What this task involves -
The answer should be every line below, repeated exactly, with the images left out.

Input data -
☆ ☆ ☆ ☆ ☆ ☆ ☆

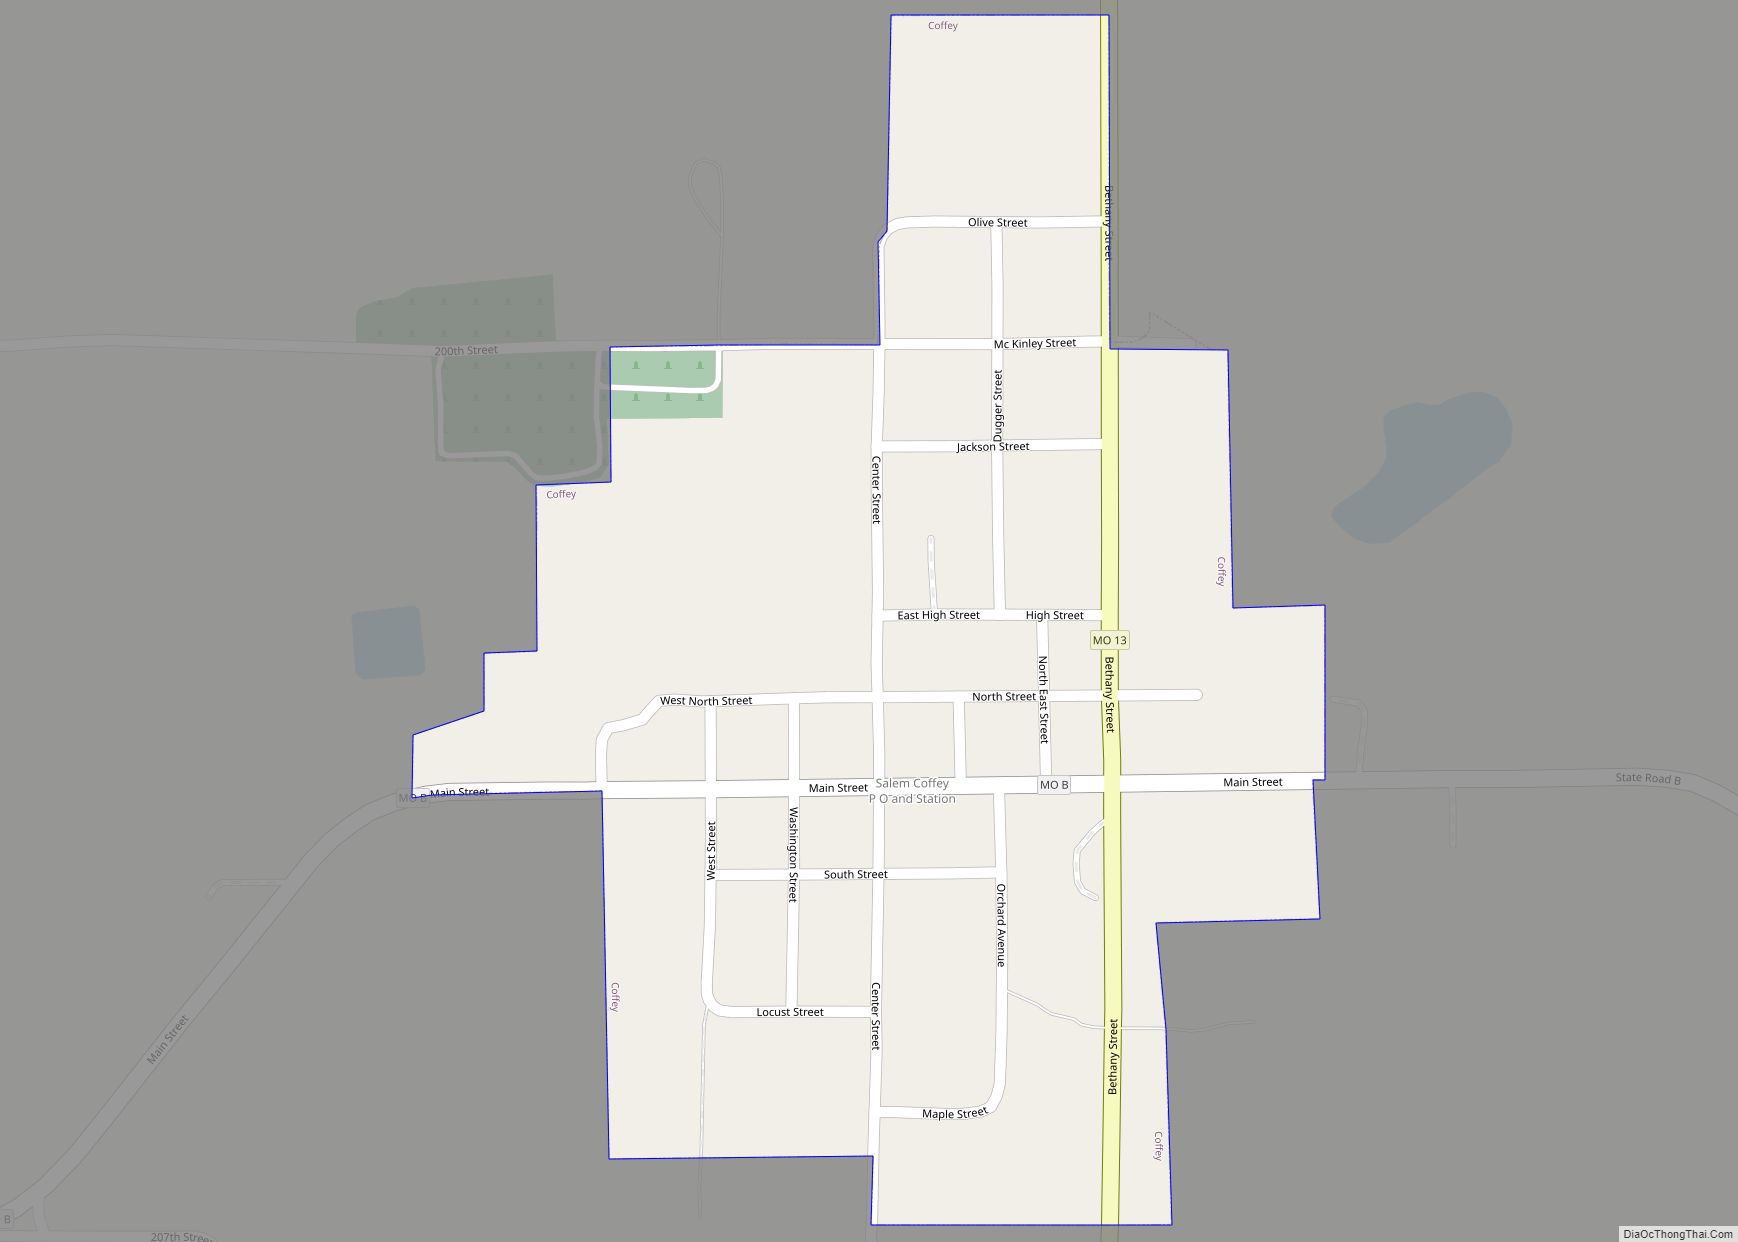 Map of Coffey city
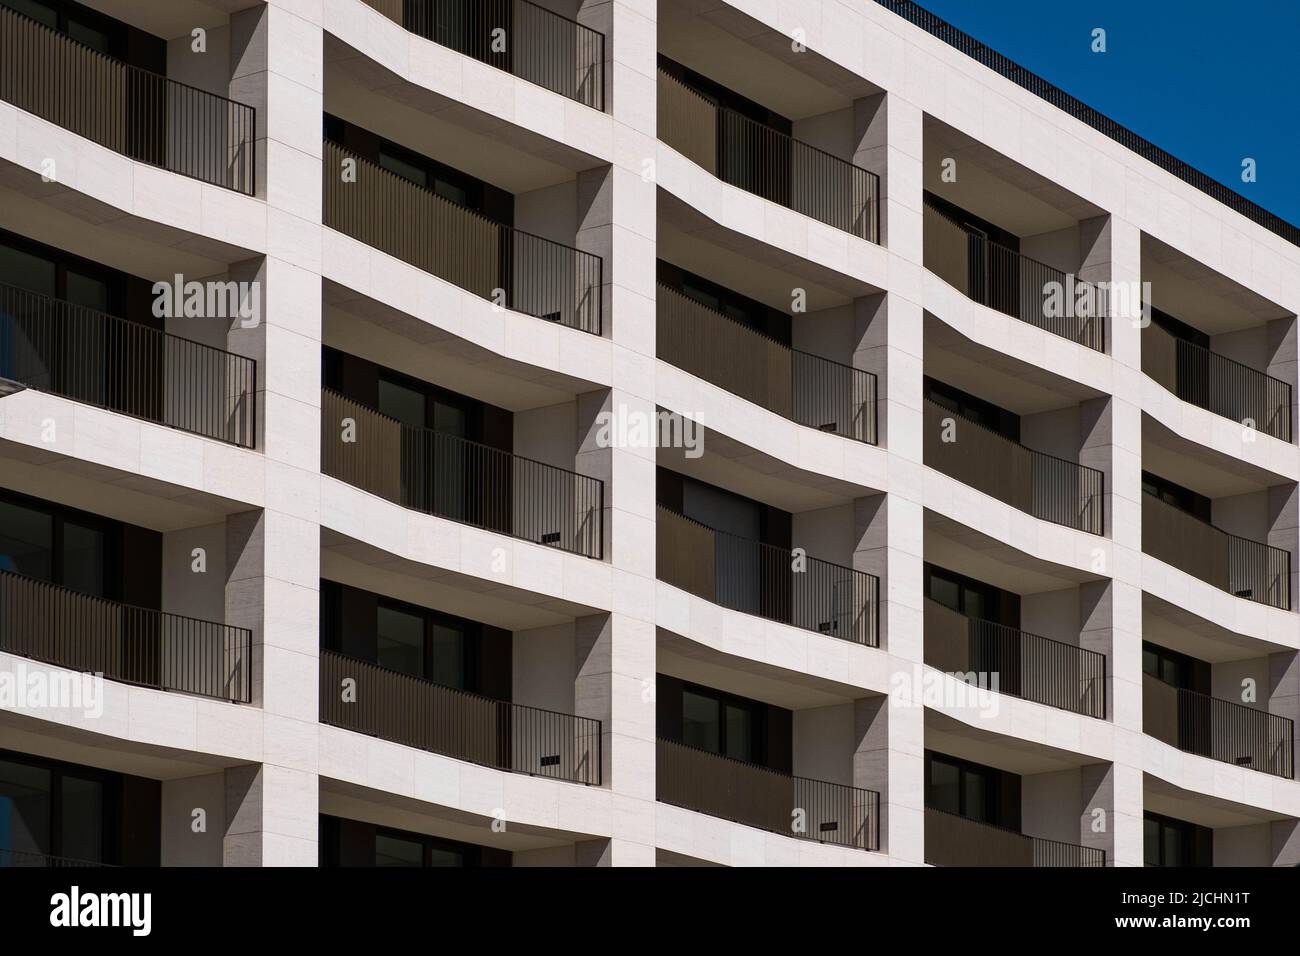 modern residential real estate, apartment building facade Stock Photo
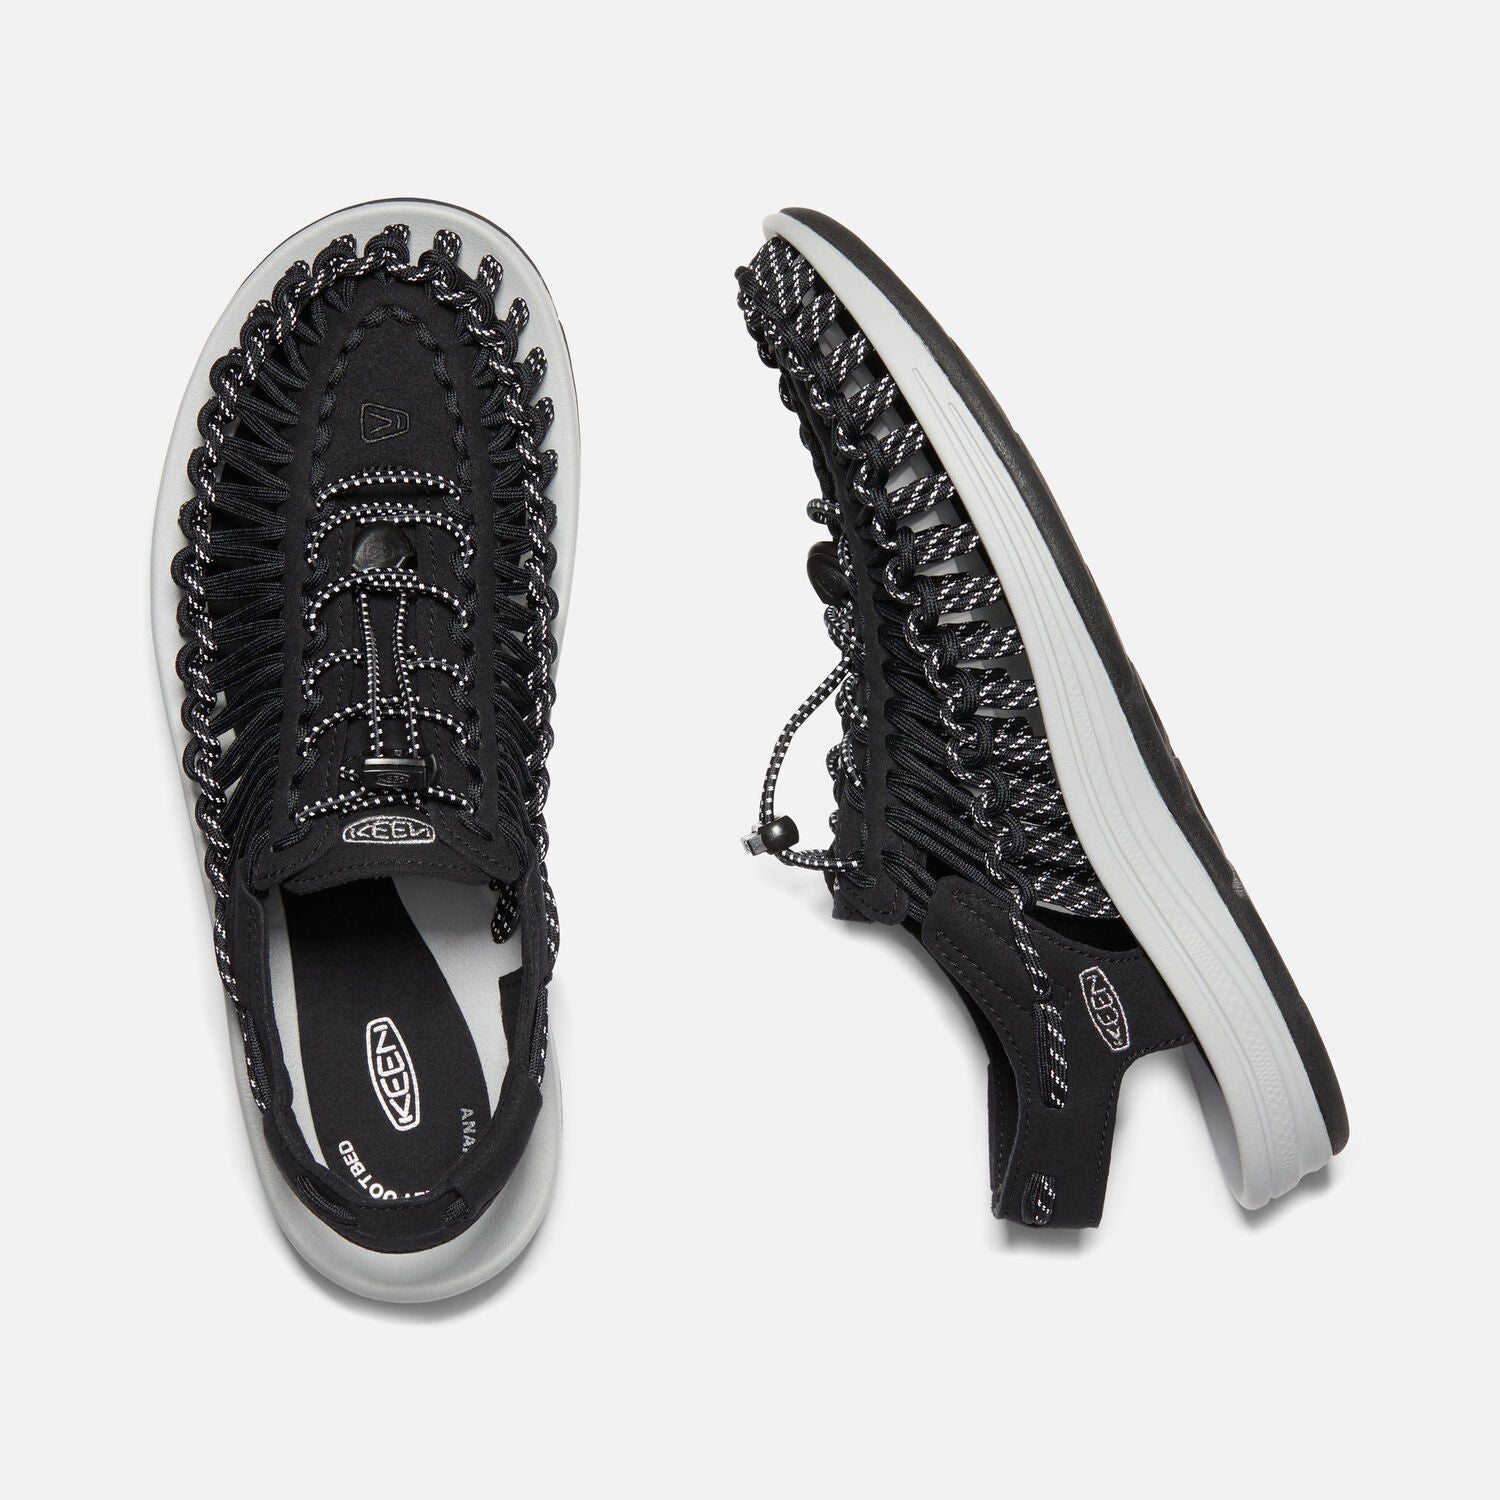 UNEEK Men's Two-Cord Water Sandal - Black/Silver
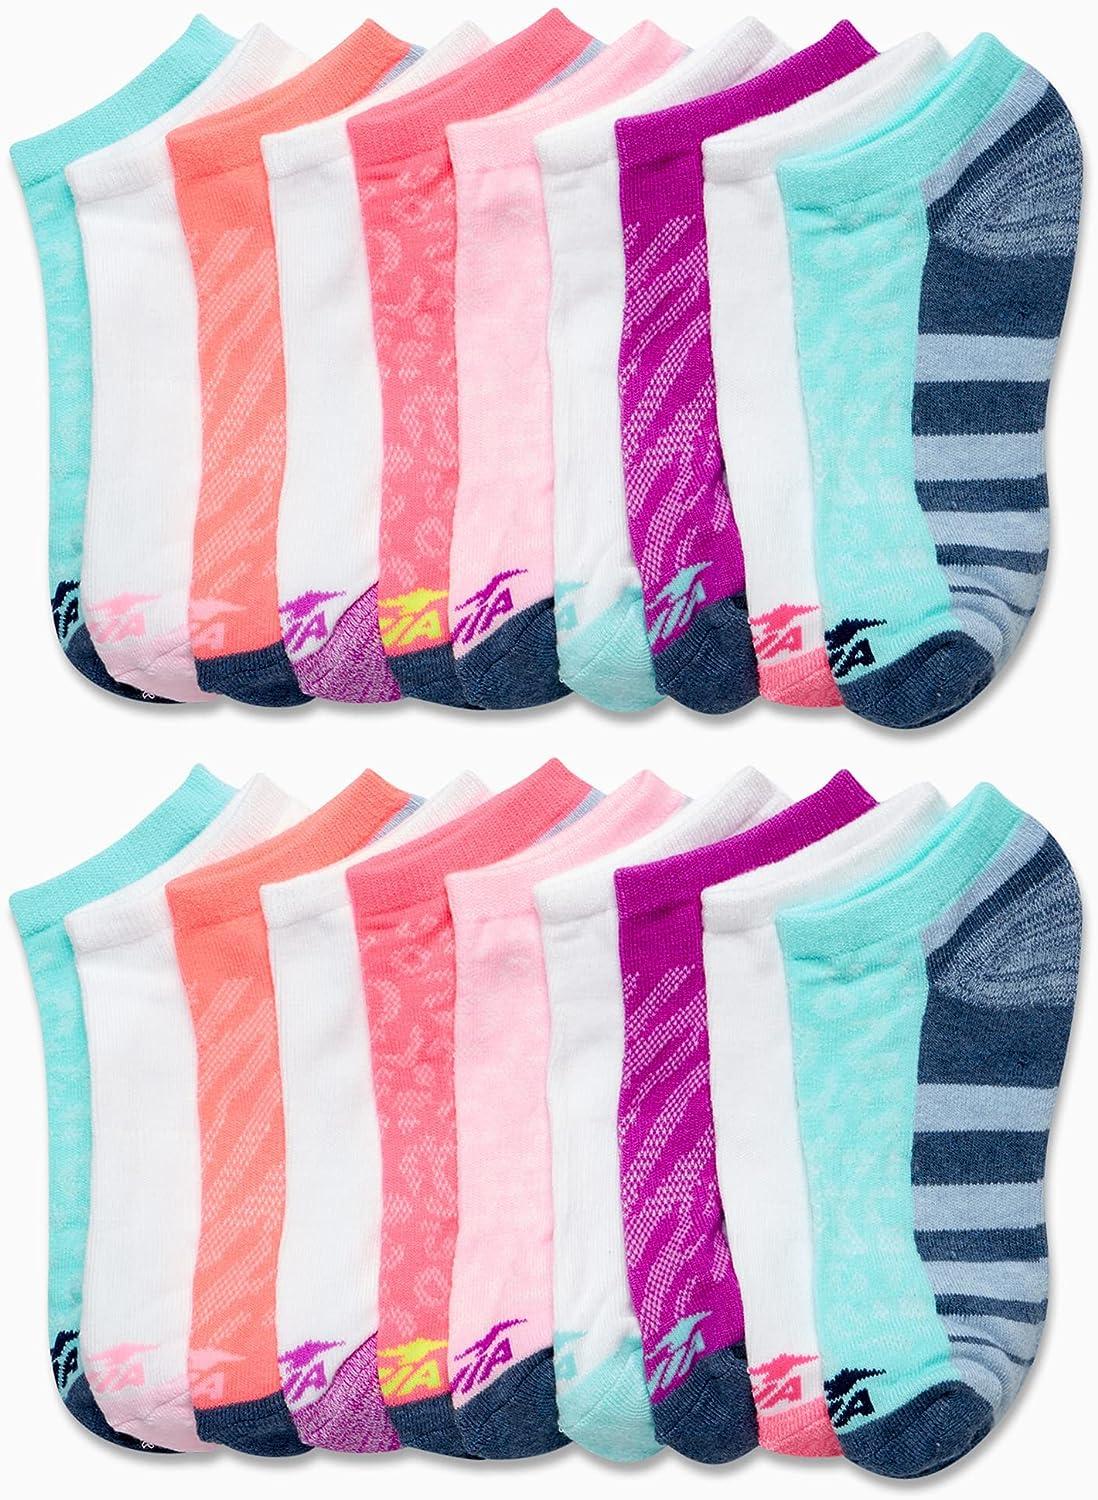 Avia Girls' Socks - 20 Pack Performance Cushion Low Cut Socks

☆ ☆ ☆ ☆ ☆ ☆ ☆

Solution to the problem -
 Map of Coffey city
 modern residential real estate, apartment building facade Stock Photo
 UNEEK Men's Two-Cord Water Sandal - Black/Silver
 Avia Girls' Socks - 20 Pack Performance Cushion Low Cut Socks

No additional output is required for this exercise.